■ DATA EXCERPTS ■
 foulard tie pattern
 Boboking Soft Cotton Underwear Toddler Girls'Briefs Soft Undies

* * *

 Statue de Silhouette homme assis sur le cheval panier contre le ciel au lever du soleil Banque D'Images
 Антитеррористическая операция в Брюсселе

---

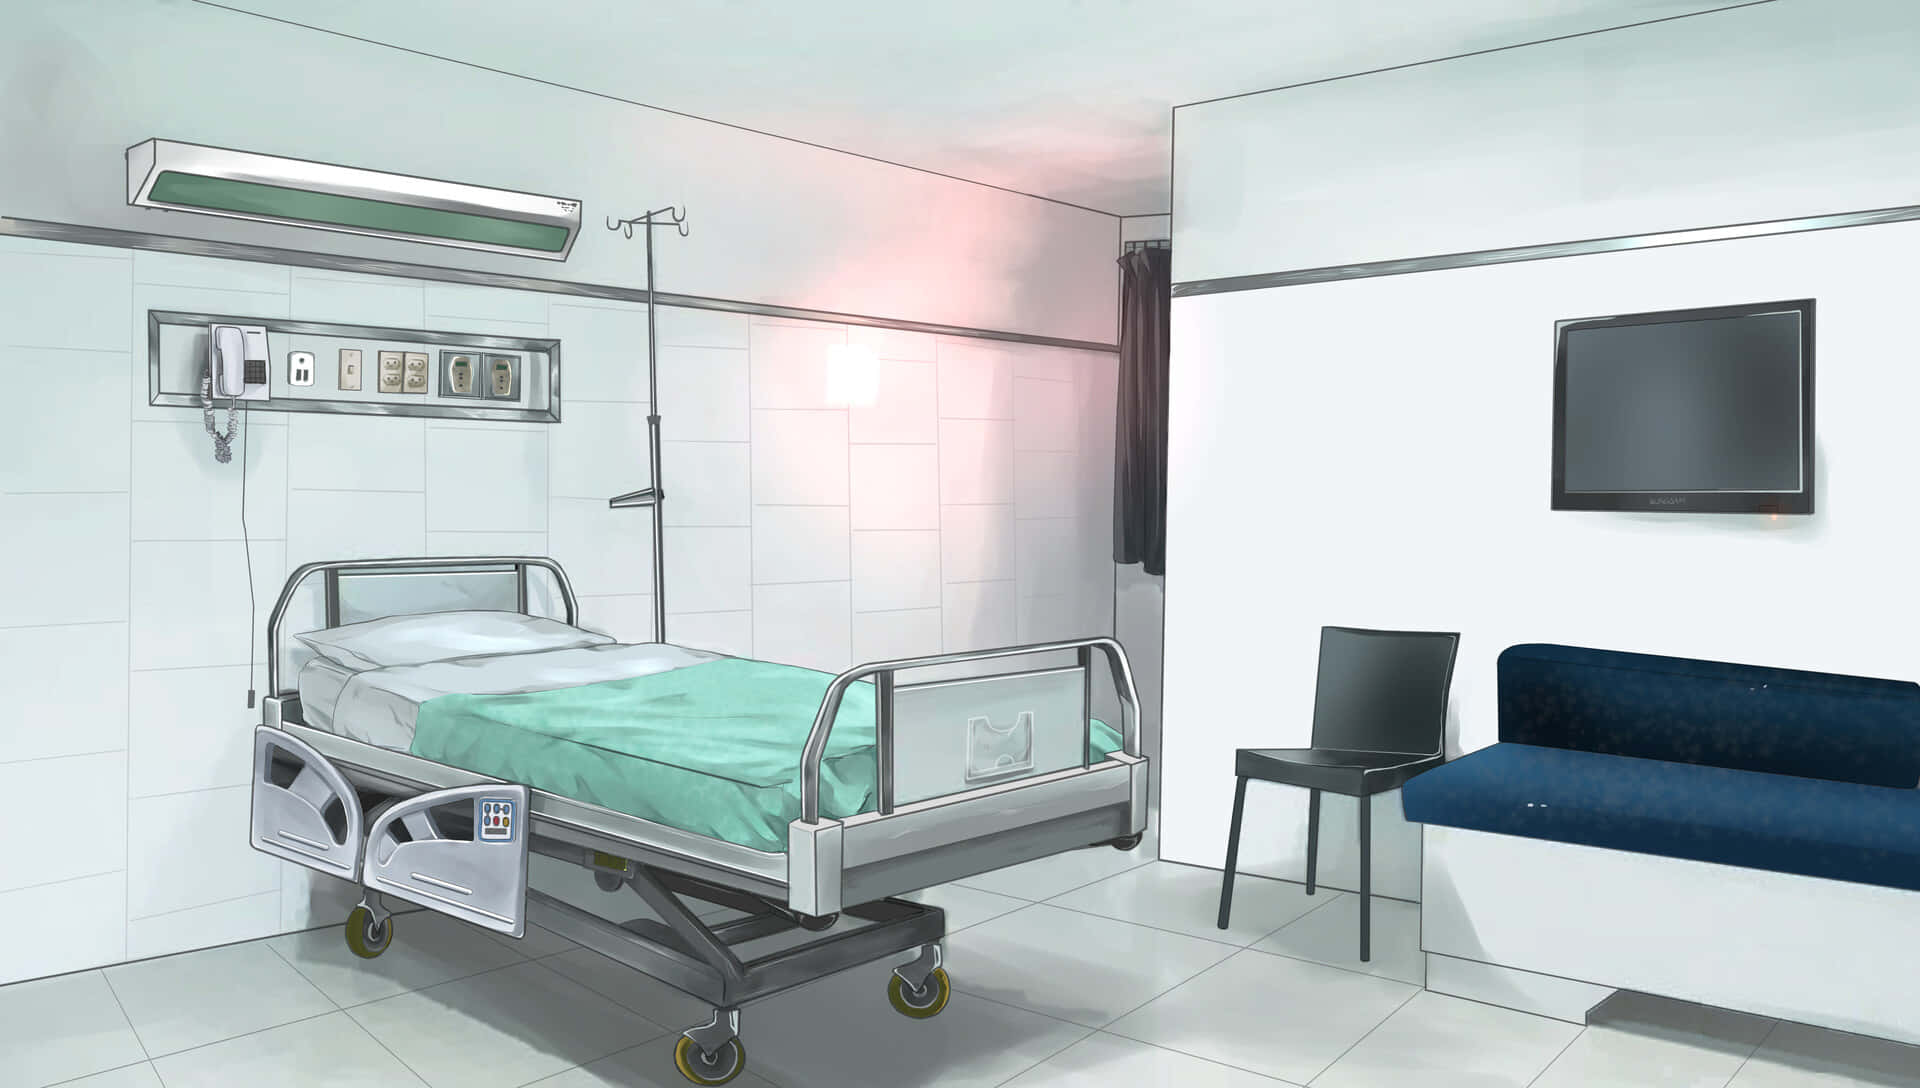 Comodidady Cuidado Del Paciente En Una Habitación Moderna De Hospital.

■ TASK INSTRUCTIONS ■
In the records above, the line with "Statue de Silhouette" marks the start and the line with "Антитеррористическая операция в Брюсселе" marks the end; copy that stretch exactly, both lines included, and nothing else.

■ RESPONSE ■
 Statue de Silhouette homme assis sur le cheval panier contre le ciel au lever du soleil Banque D'Images
 Антитеррористическая операция в Брюсселе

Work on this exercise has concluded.